Google have understood this for a while, which is why in your Google Ads columns there’s a column called ‘Assisted Conversions’. An assisted conversion is where somebody sees your Google Display ad (likely a remarketing ad), but then converts later on through a keyword-targeted search ad. A cynical mind might argue that Google are attempting to justify the value of their display network clicks. But in my experience assisted conversions are more common than you might think.
When you start tying together multiple media, the number of assisted conversions goes haywire. People see you in multiple places and every conversion usually comes with a handful of assisted conversions. The whole picture is greater and more complex than the isolated sum of the parts.
The problem is you can’t measure this natively within any one platform. The ‘Assisted Conversions’ column in Google Ads won’t tell you how many people saw a Google ad and converted later on Facebook. Or vice versa.
Which isn’t to say you shouldn’t attempt to measure performance across all your platforms. It just helps to understand that all conversion figures are approximate and only a representation of the real situation. You’re simply trying to gather enough data to make sensible and mostly correct decisions.
The free way to do this is with Google Analytics. If you make sure that all your ads are tracked with Google Analytics tracking code (sometimes called ‘UTM variables’), Google Analytics can start to build a more complete picture of your remarketing effectiveness.
The paid way to do this is with something like Wicked Reports.

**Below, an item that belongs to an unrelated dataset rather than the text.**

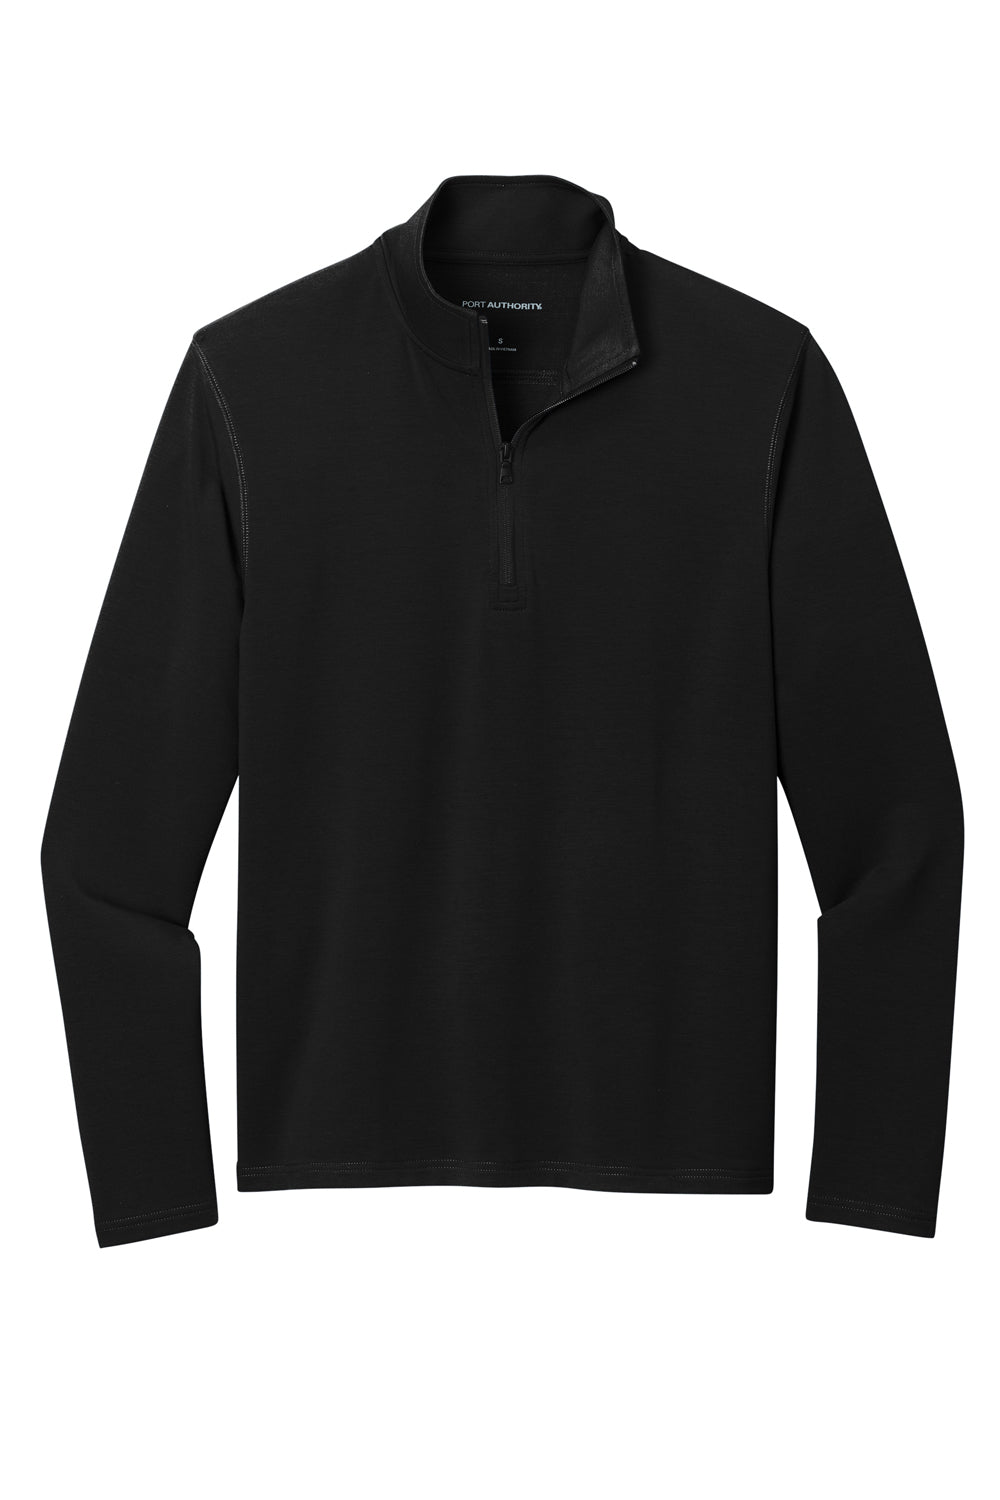 Port Authority K825 Microterry 1/4 Zip Sweatshirt Deep Black Flat Front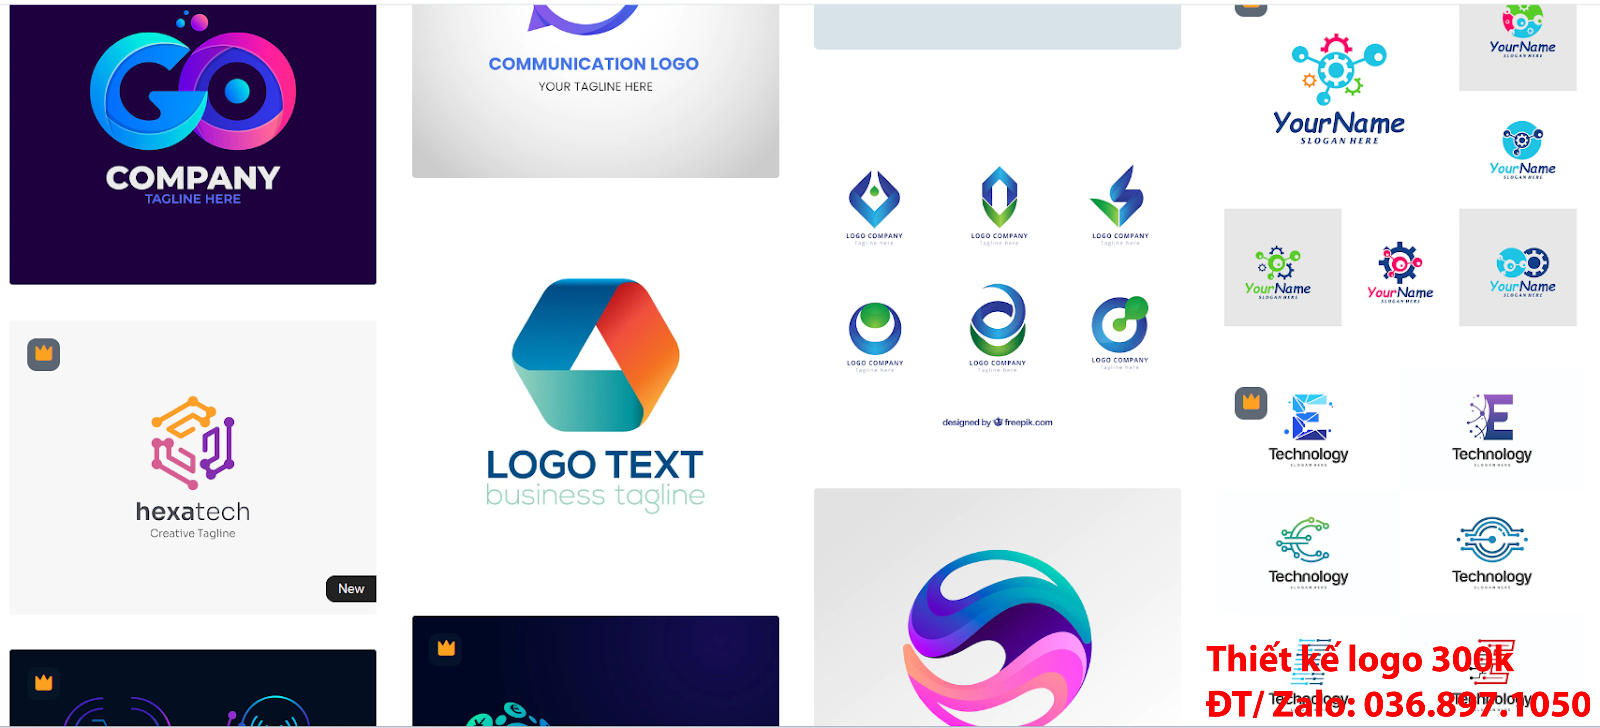 thiết kế Logo công ty công nghệ đẹp nhất hiện nay giá rẻ 500k uy tín chuyên nghiệp

Wicked Reports picks up the same UTM variables as Google Analytics (so you can use both), but when a sale happens it pieces together a more complete picture of the customer’s journey. You can also pull in revenue information from your payment processor to generate an approximate return on ad spend.
The big mistake people make when tracking remarketing performance is attempting to figure out exactly what is going on. The complete picture is more complex than you think. In your analytics systems you only need enough information to make better decisions. Attempting to give exact credit to different media will drive you mad.
Once configured properly, Google Analytics is fine as a mechanism for better overall decision making. For extra detail, Wicked Reports will pull back the curtain of mystery a little more. If you’re spending decent money on ads then one or two extra insights a month will justify the investment.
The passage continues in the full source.